We just need to figure out how to rescale $\hat{\alpha}(\mathbf{z}_n)$ to get back $\alpha(\mathbf{z}_n)$ . Let $s_n$ denote the scaling factor we wish to track at each time point $n$ , which is just the conditional distribution in the numerator of Equation $4$ :

$s_n = p(\mathbf{x}_n \mid \mathbf{X}_{1:n-1}). \tag{5}$

We can rewrite Equation $4$ using $s_n$ as

$\hat{\alpha}(\mathbf{z}_n) = \frac{p(\mathbf{x}_{n} \mid \mathbf{z}_n) \sum_{\mathbf{z}_{n-1}} p(\mathbf{z}_n \mid \mathbf{z}_{n-1}) \hat{\alpha}(\mathbf{z}_{n-1})}{s_n}. \tag{6}$

At each step in the algorithm, we want to compute $s_n$ . We can do this easily provided $K$ is not a very large number.

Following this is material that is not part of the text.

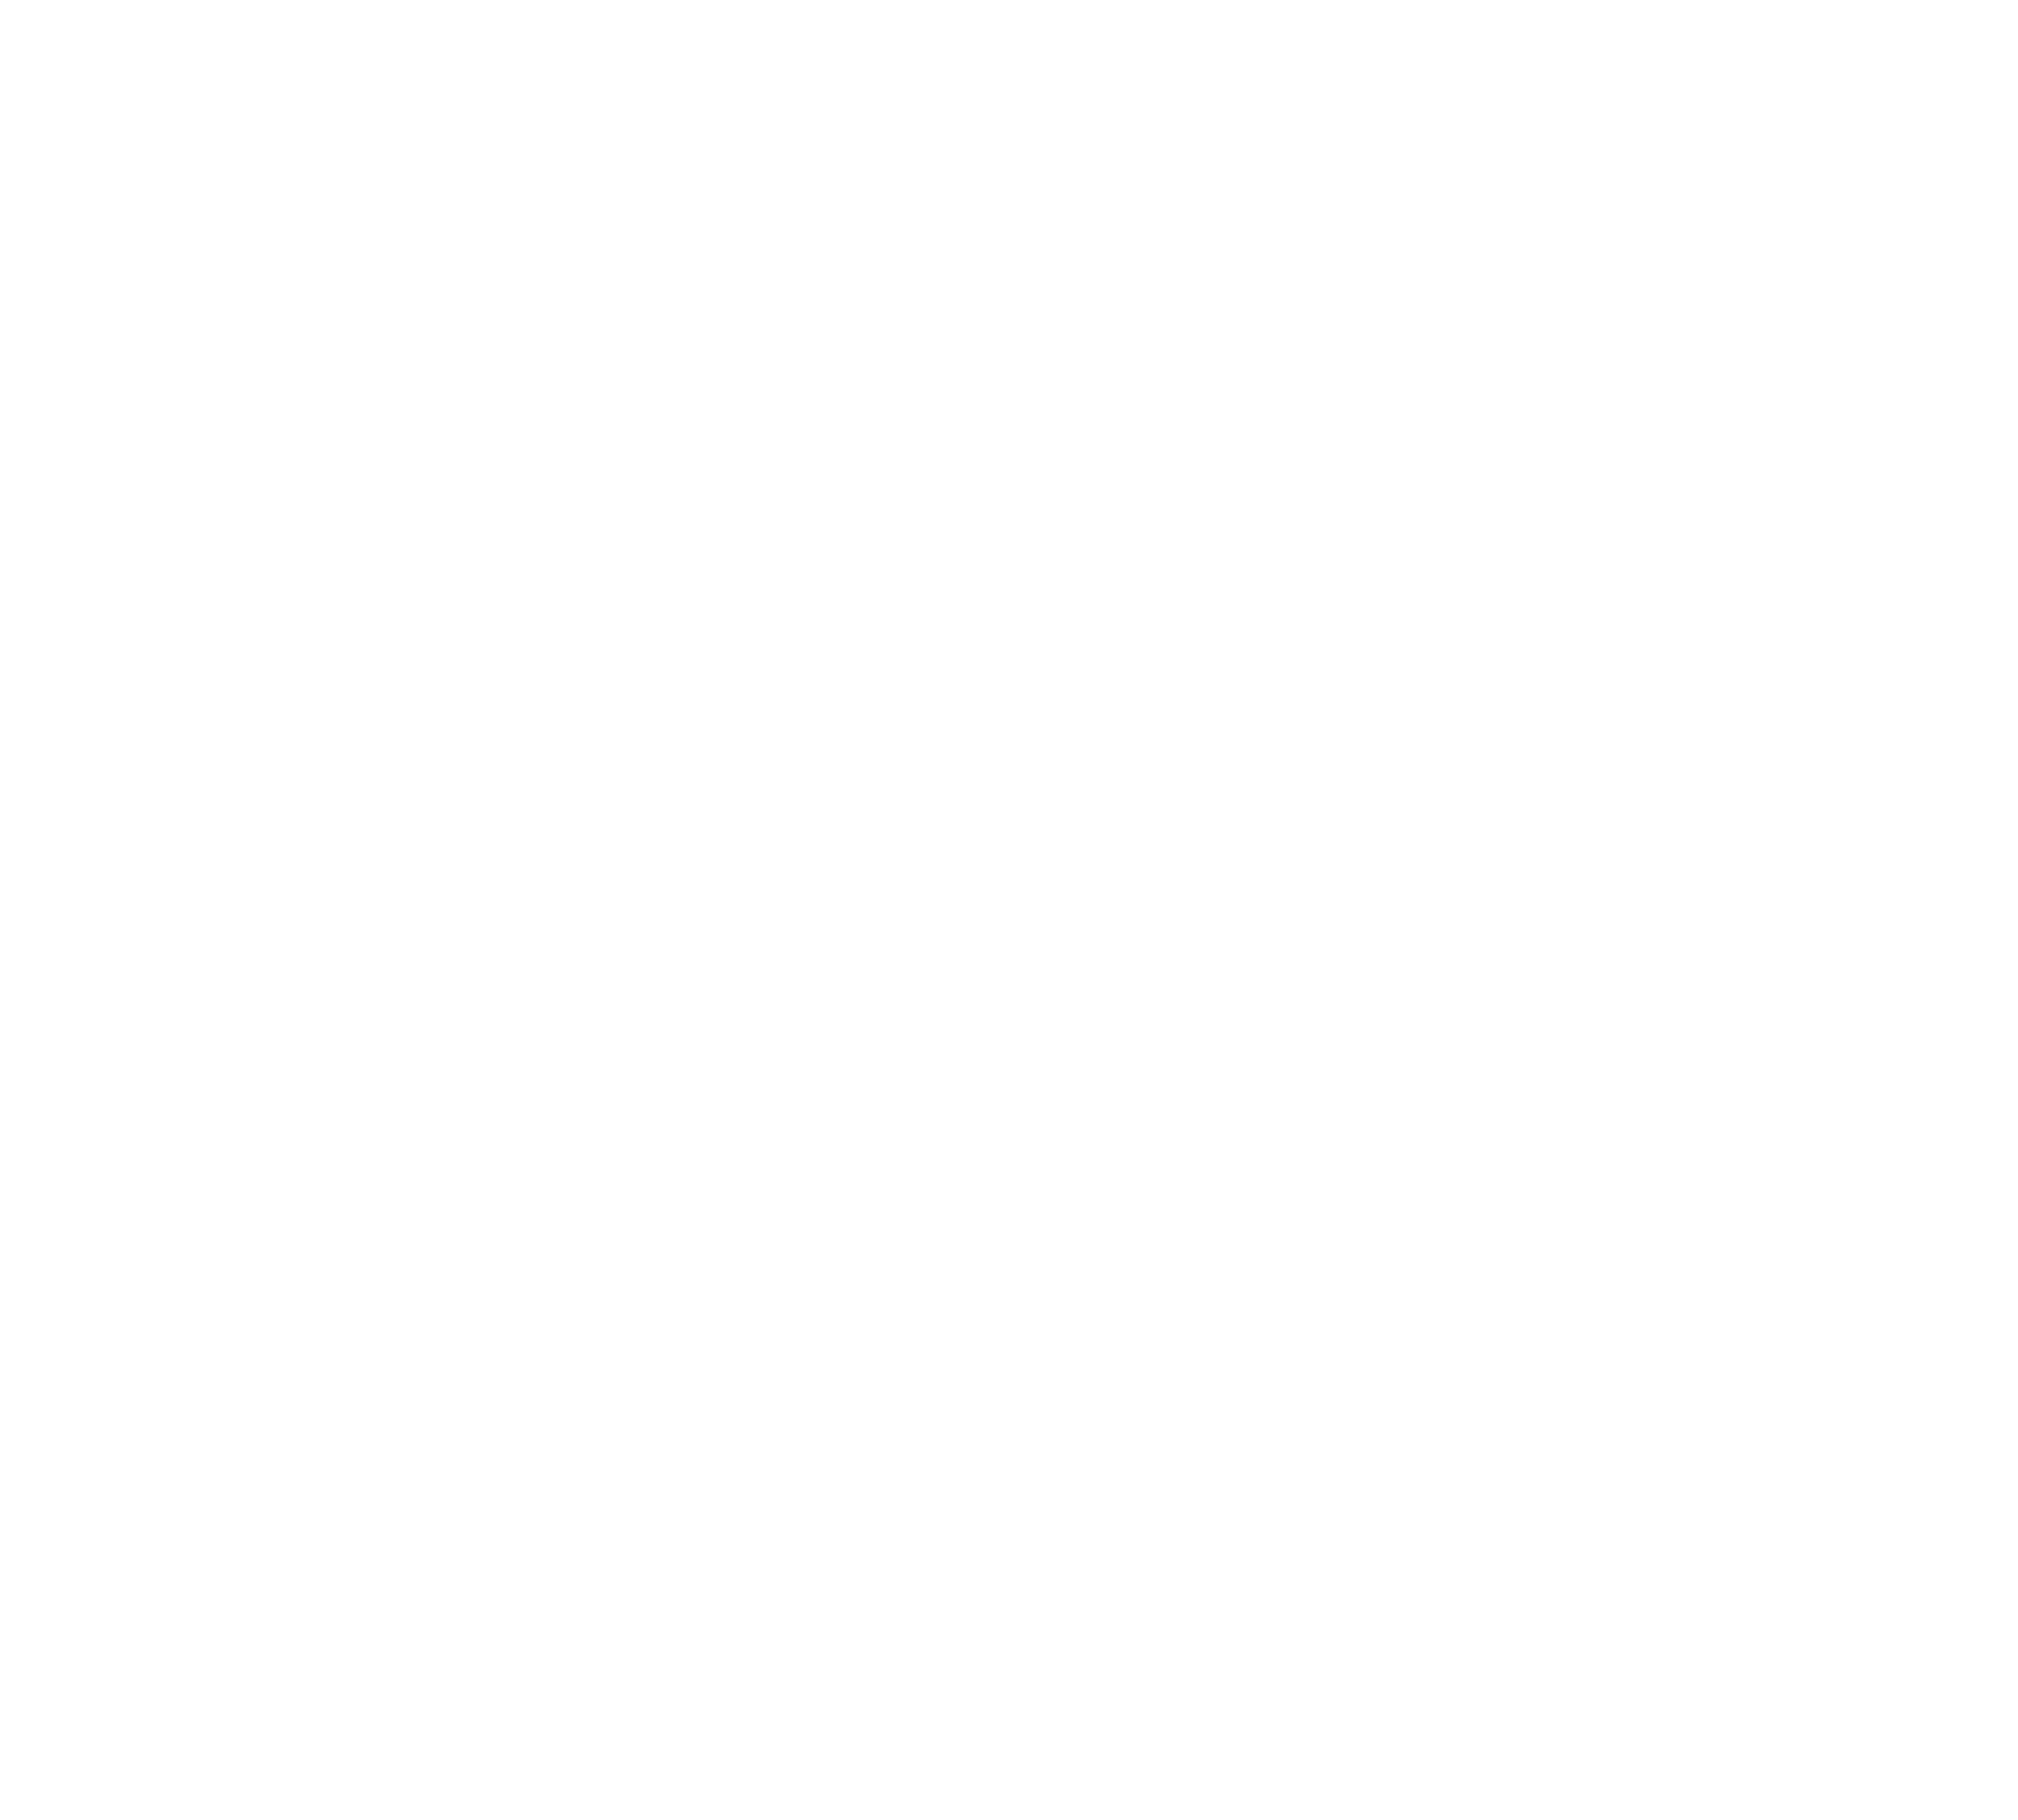 Play Date Studios

This is because if we think of $\hat{\alpha}(\mathbf{z}_n)$ as a vector with $K$ probabilities, we know that it must sum to unity. So $s_n$ is simply the value that normalizes the right-hand side of Equation $6$ .

Finally, we can compute $\alpha(\mathbf{z}_n)$ from $\hat{\alpha}(\mathbf{z}_n)$ using the scaling factors up through $s_n$ . This is because of the chain rule:

$p(\mathbf{X}_{1:n}) = \prod_{i=1}^n p(\mathbf{x}_i \mid \mathbf{X}_{1:i-1}) = \prod_{i=1}^n s_i. \tag{7}$

To be explicit, we have:

$\alpha(\mathbf{z}_n) = \hat{\alpha}(\mathbf{z}_n) \prod_{i=1}^n s_i. \tag{8}$

So that’s it. At each time point, we compute our forward recursions using the numerically stable conditional distribution $\hat{\alpha}(\mathbf{z}_n)$ over $K$ values. We can efficiently compute $s_n$ by normalizing the $K$ -dimensional probability vector representing the conditional distribution. Finally, we can compute $\alpha(\mathbf{z}_n)$ , which is needed for the full Baum–Welch algorithm, using the product of scaling factors.

We also need to apply this same idea to the $\beta(\mathbf{z}_n)$ terms in the backward pass. However, I don’t think a discussion of this topic adds much intuition, and the derivations are not challenging. See (Bishop, 2006) for a complete discussion, if desired.

Bishop, C. M. (2006). Pattern Recognition and Machine Learning.